Eric Kodish, the team's ethicist, noted that the clinic would never do a face transplant for "cosmetic enhancement," and hopes no one would ever attempt one.

Even though the clinic has emphasized that restriction since it got internal approval four years ago to do face transplants, it still received inquiries from people with minor facial scars or blemishes, Siemionow said.

"They were thinking we would do this to beautify them," she said.

For the same reason, Kodish said the recipient would never be shown a photograph of the donor's face, because it would suggest the donor's appearance was a factor.

Besides, the doctors noted, face-transplant recipients are unlikely to look like the donor because of their underlying muscle and bone structure, and particularly if they have been disfigured.

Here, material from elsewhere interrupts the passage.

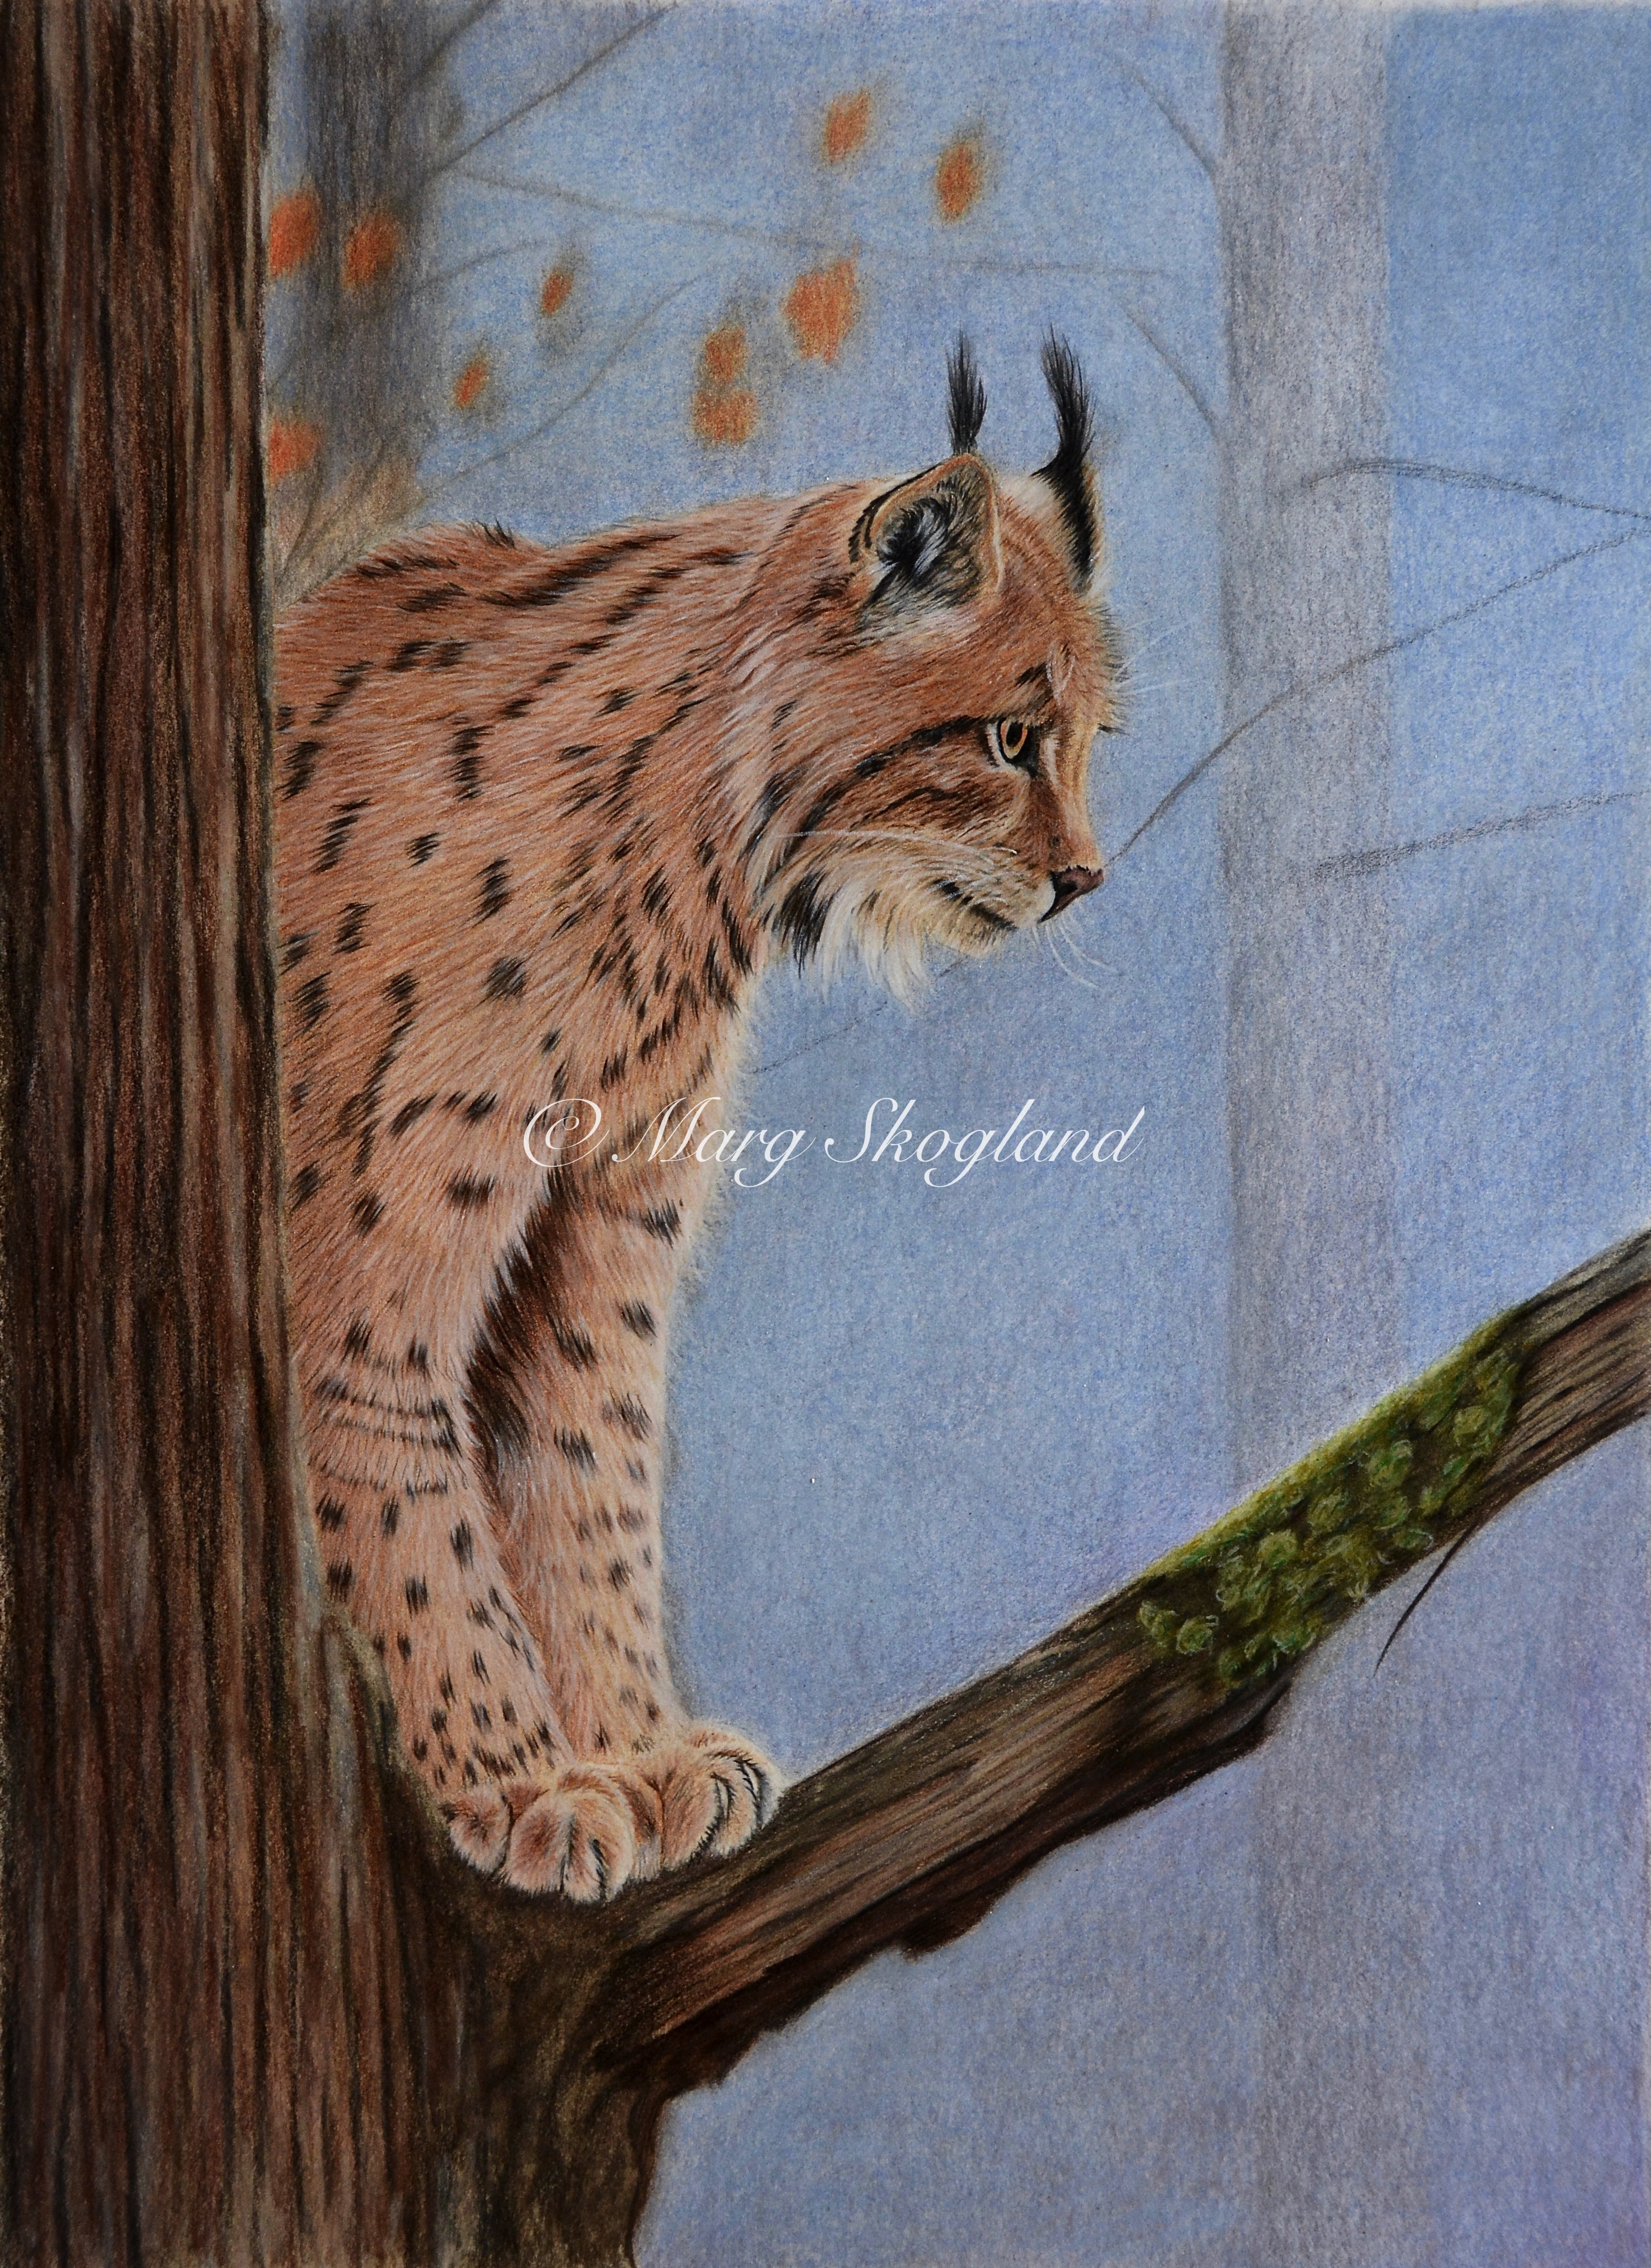 Lynx in a tree

Neither the donor family nor the recipient wanted personal details revealed, so the doctors would not talk about how the donor died or what kind of trauma the recipient had experienced.

The donor was a woman of the same race, Siemionow said, and was roughly the same age. She also donated her kidneys and liver to other patients.

The recipient will have months of rehabilitation. In three to six months, she should regain significant feeling and motor control in the new face.

"There will be a lot of work to do," Alam said, "learning how to smile, to eat, and even learning how to blink with hybrid eyelids, because her upper eyelids are hers and the lower ones are from the transplant."